◆ **EXERCISE**: Each line below is to be repeated exactly; any picture is to be left out.
** SOURCE MATERIAL follows **
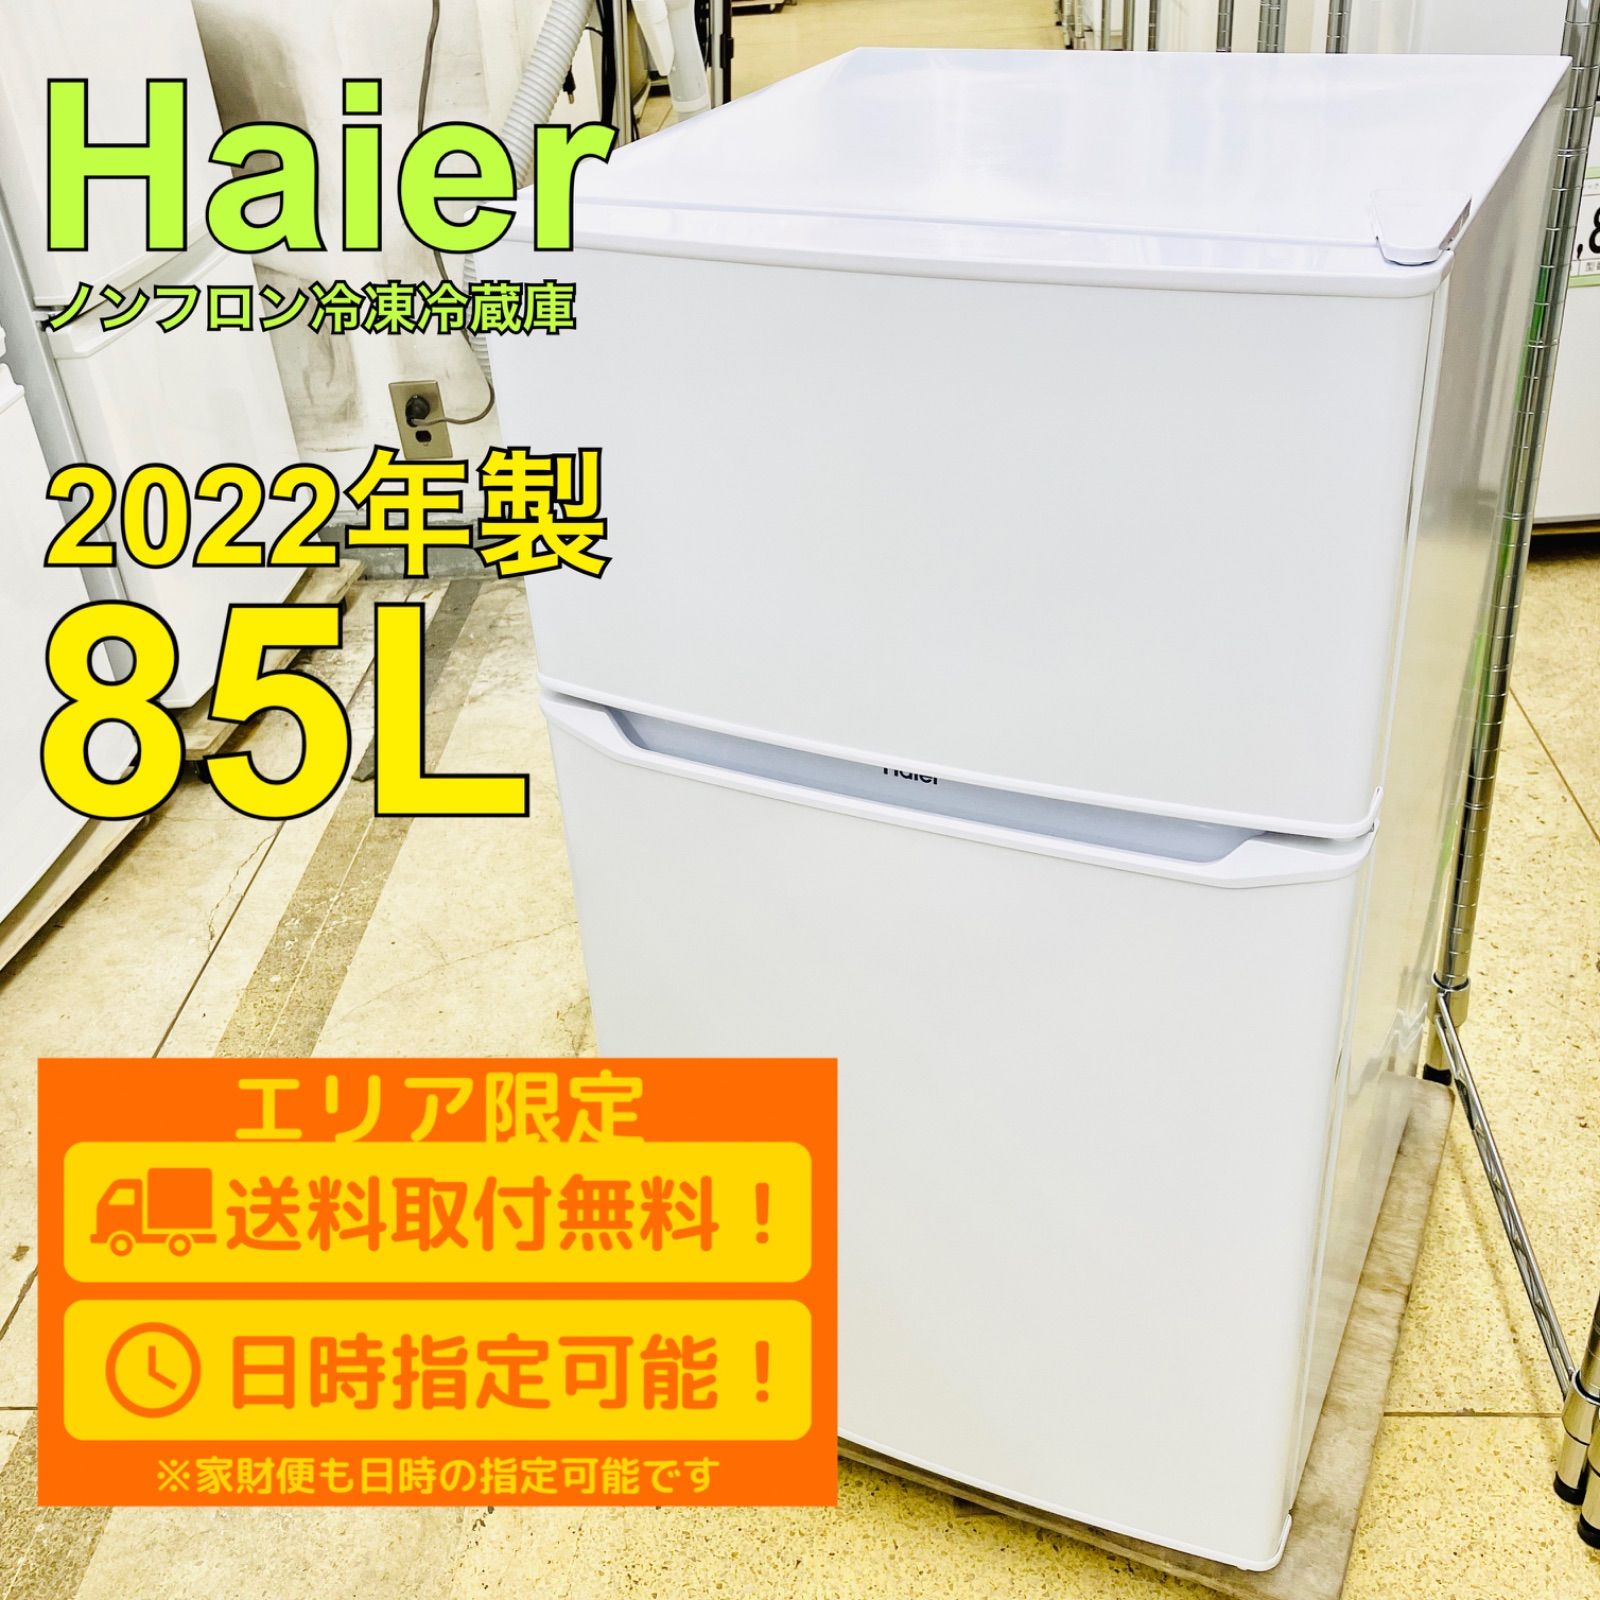 Haier 85L 冷蔵庫 コンパクト 一人暮らし向け【地域限定配送無料】-
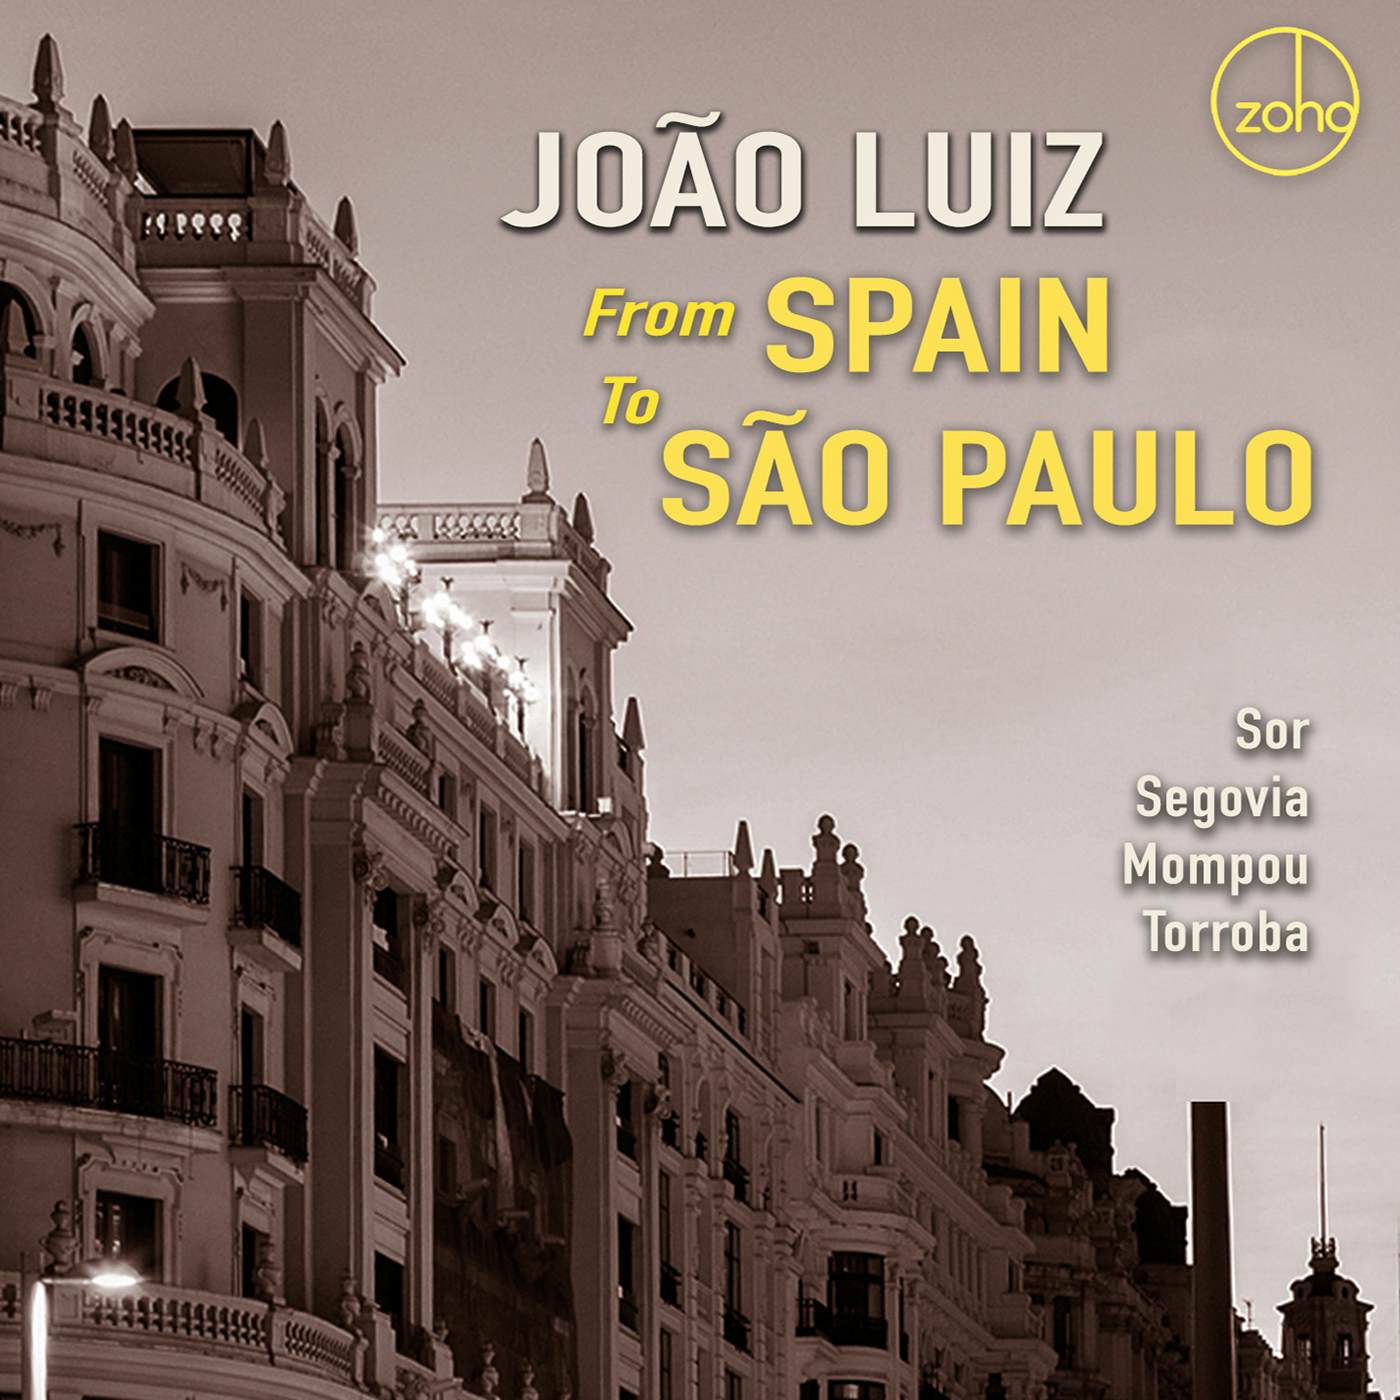 Joao Luiz FROM SPAIN TO SAO PAULO CD
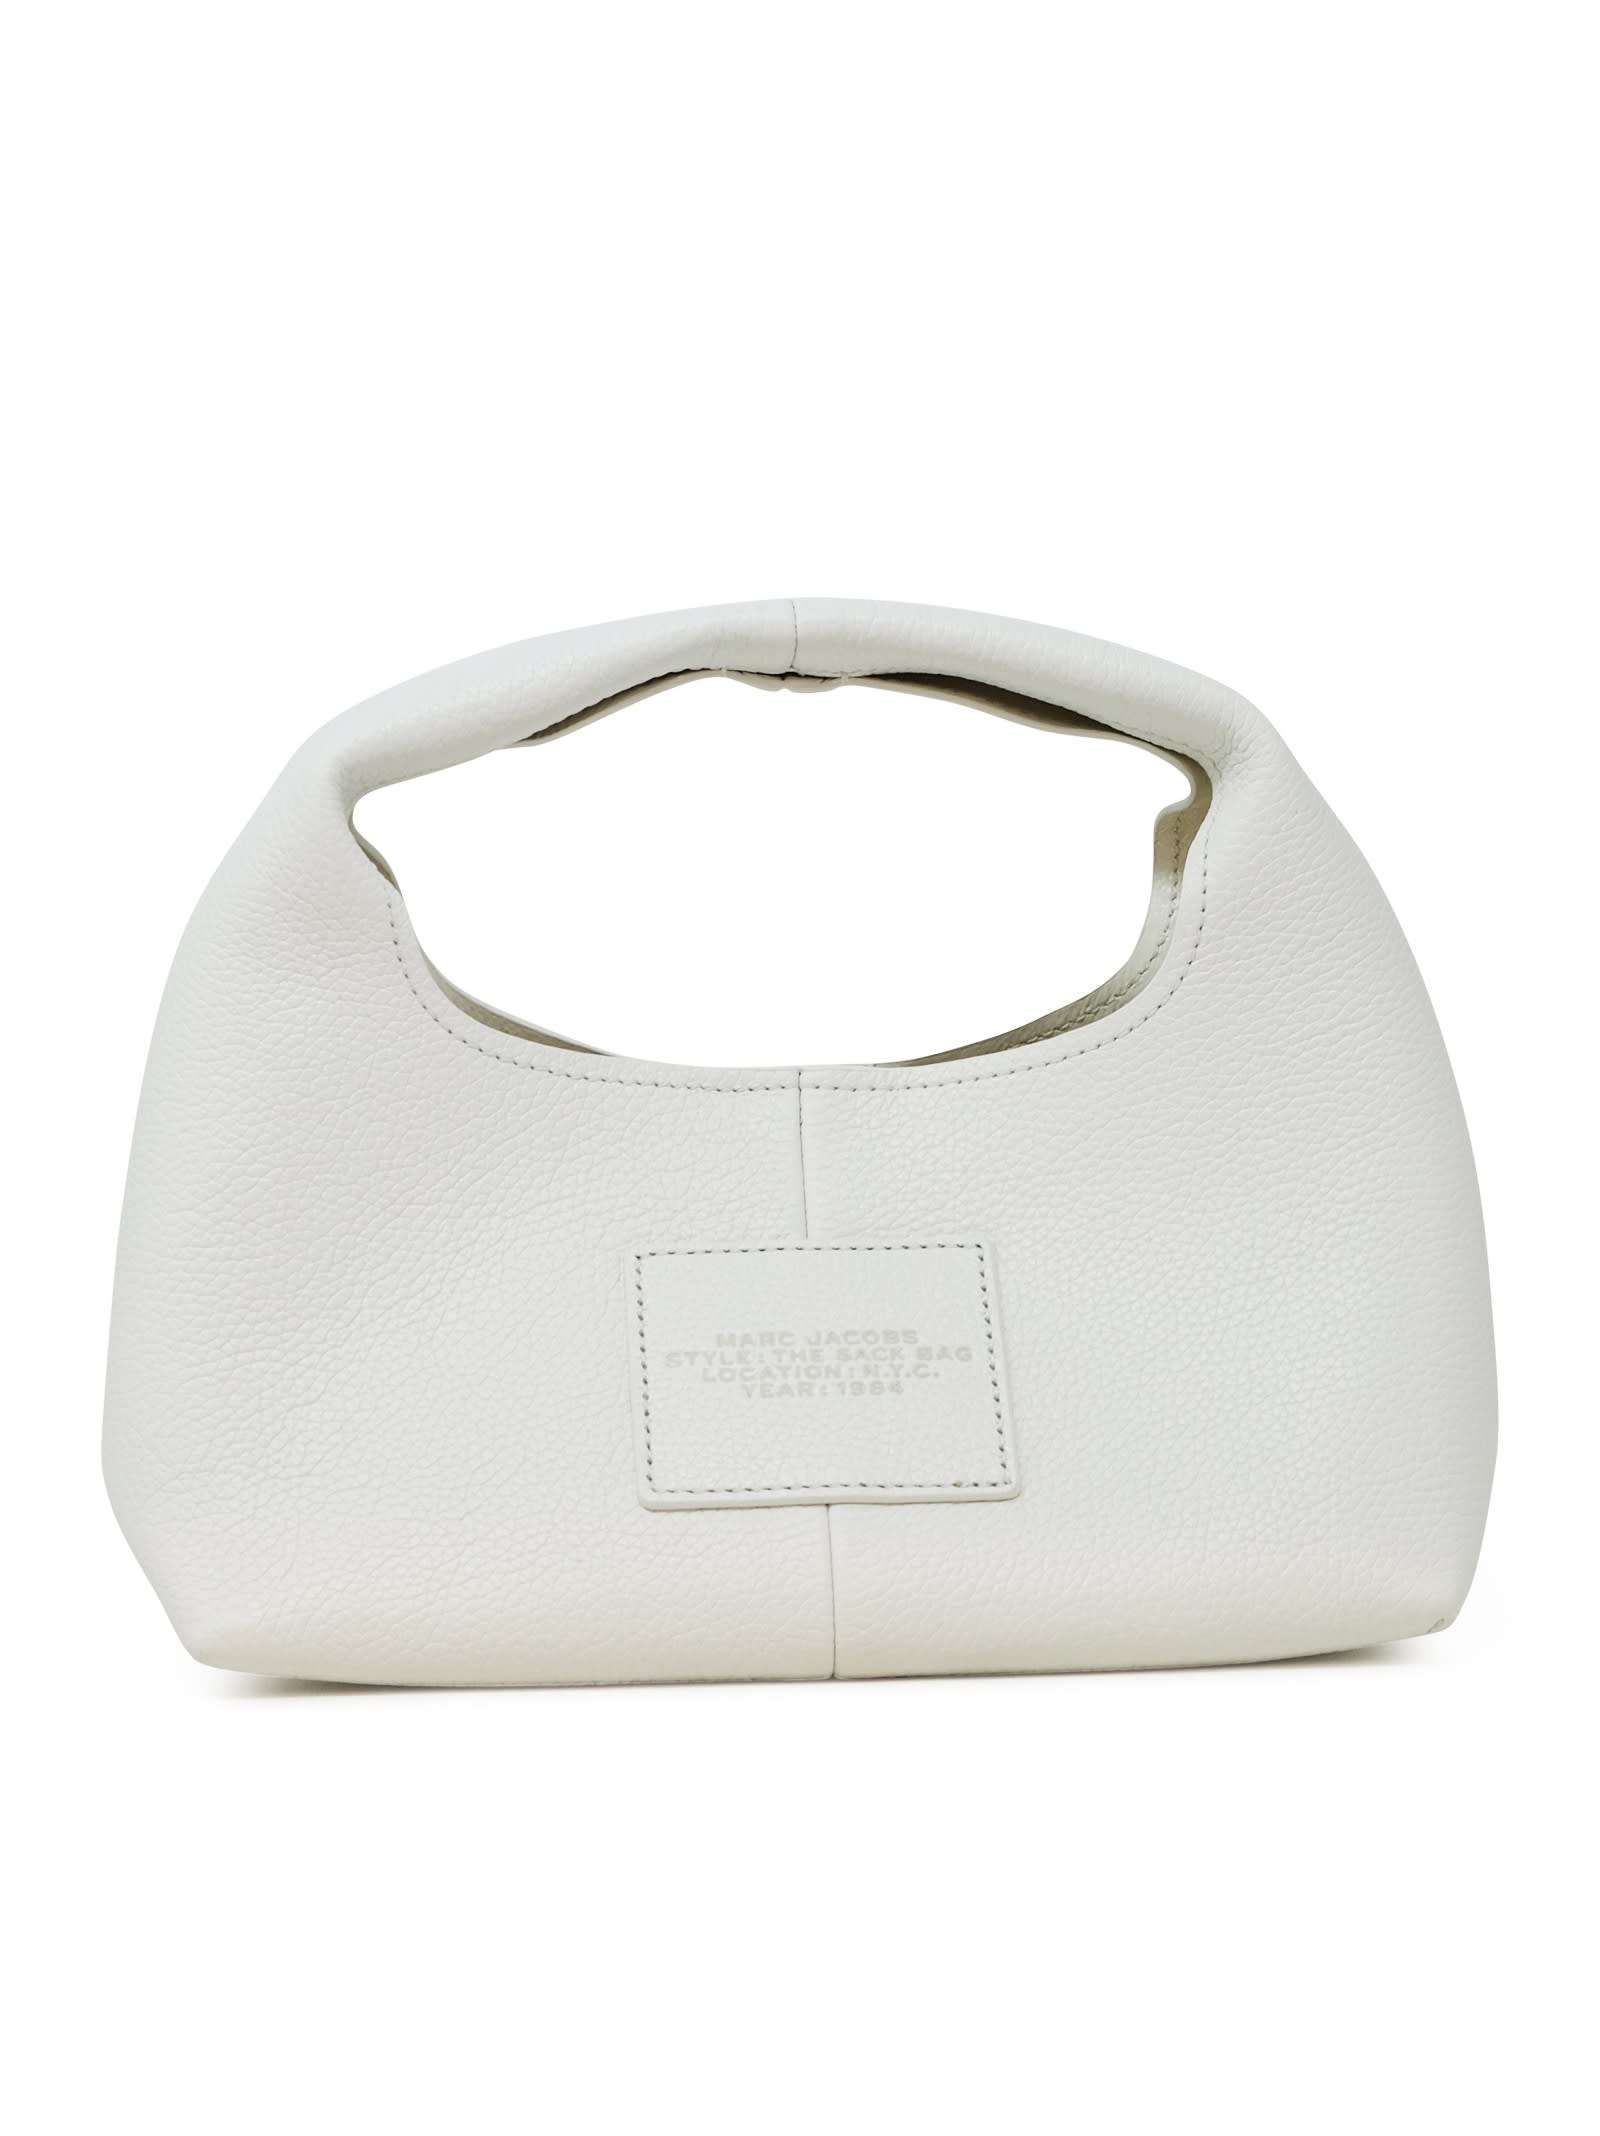 Shop Marc Jacobs White Leather The Mini Sack Bag
** End of SOURCE MATERIAL **
◆ **RESPONSE TO THE EXERCISE**:
 Haier 85L 冷蔵庫 コンパクト 一人暮らし向け【地域限定配送無料】-
 Joao Luiz FROM SPAIN TO SAO PAULO CD
 Shop Marc Jacobs White Leather The Mini Sack Bag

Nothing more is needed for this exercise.